O Sindipúblicos obteve mais uma vitória na garantia de ocupação de cargos públicos. Em julgamento de Ação Direta de Inconstitucionalidade (ADI), os desembargadores acolheram a denúncia do Sindicato e, em medida cautelar, determinaram que o Estado tem 180 dias para exonerar os comissionados que ocupam o cargo de corregedores nomeando em seus lugares servidores efetivos.

A ADI proposta pelo Sindicato, por meio da Federação dos Servidores, questiona a constitucionalidade da LC 847 que em seu artigo 9º “acolhe a possibilidade das corregedorias setoriais serem ocupadas por servidores em cargo comissionado, contrariando o contexto legal, violando a impessoalidade, a legalidade, isonomia, imparcialidade, moralidade, paridade de armas, razoabilidade e proporcionalidade”

A medida cautelar determina o “fim de suspender a eficácia do art. 9º, parágrafo único, da Lei Complementar Estadual nº 8472017, a partir de 180 (cento e oitenta) dias, a contar da conclusão deste julgamento” e argumenta que é “inviável o exercício do cargo função de Corregedor Setorial do Poder Executivo Estadual por servidor público ocupante exclusivamente de cargo de provimento comissão, eis que tal atividade deve ser desenvolvida por servidor de carreira, o qual,além de deter experiência e conhecimentos técnicos e específicos a respeito das funções exercidas naquele órgão público, terá a imparcialidade e independência necessárias para analisar os processos administrativos disciplinares eventualmente instaurados, o que, inclusive, foi reconhecido pelo art. 9º, caput, da LCE nº 8472017”.
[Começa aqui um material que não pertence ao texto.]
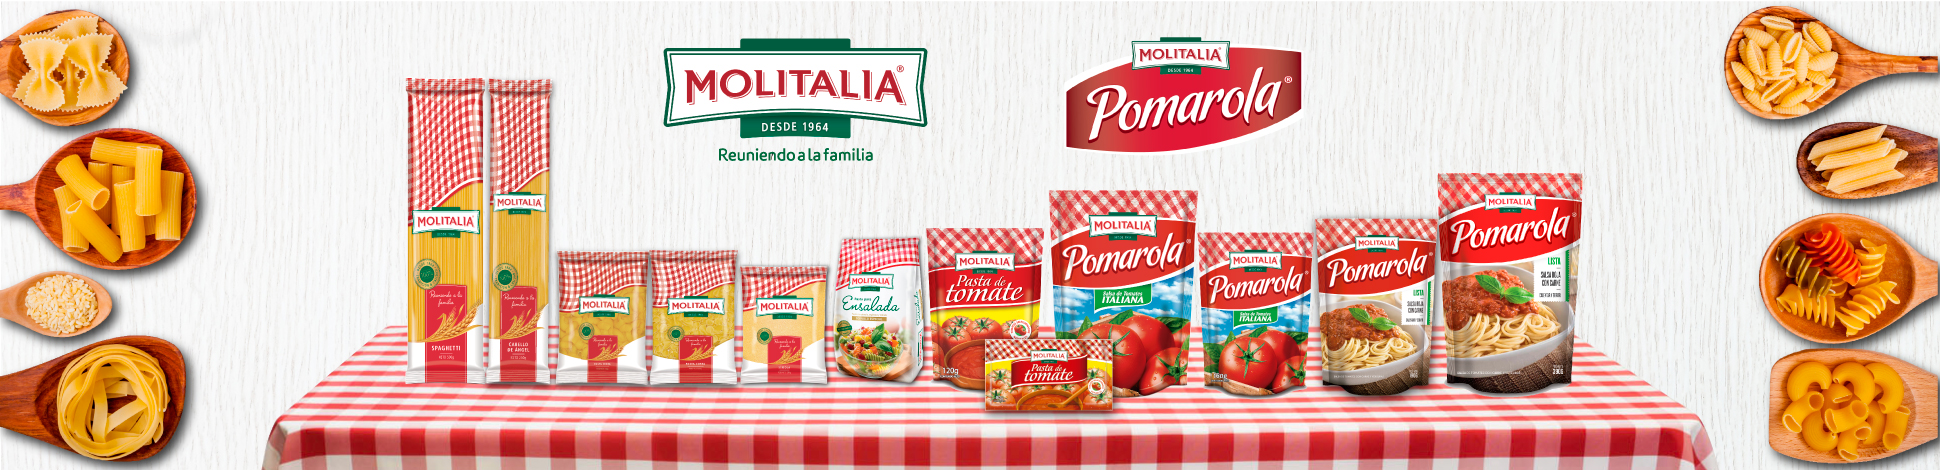 BANNER---MOLITALIA.jpg | Juntoz.com

Os desembargadores ainda destacam que a atividade correicional desempenhada por pessoas que possuem algum tipo de vínculo com a autoridade nomeante, “compromete a imparcialidade e a independência necessárias para o desenvolvimento desta função, em clara ofensa aos postulados constitucionais da moralidade e da impessoalidade”.

Entre órgãos e entidades que descumprem o mandamento constitucional encontra-se a Sedu, que desde 2005 nomeou um servidor comissionado para o cargo. Sendo que muitos servidores questionam as decisões desse corregedor questionando que o mesmo teria ligação com o ex-governo Hartung e o secretário de educação anterior.

O governo deve assim, garantir que a Constituição e as leis sejam respeitadas pelo Estado fazendo a devida exoneração do comissionado.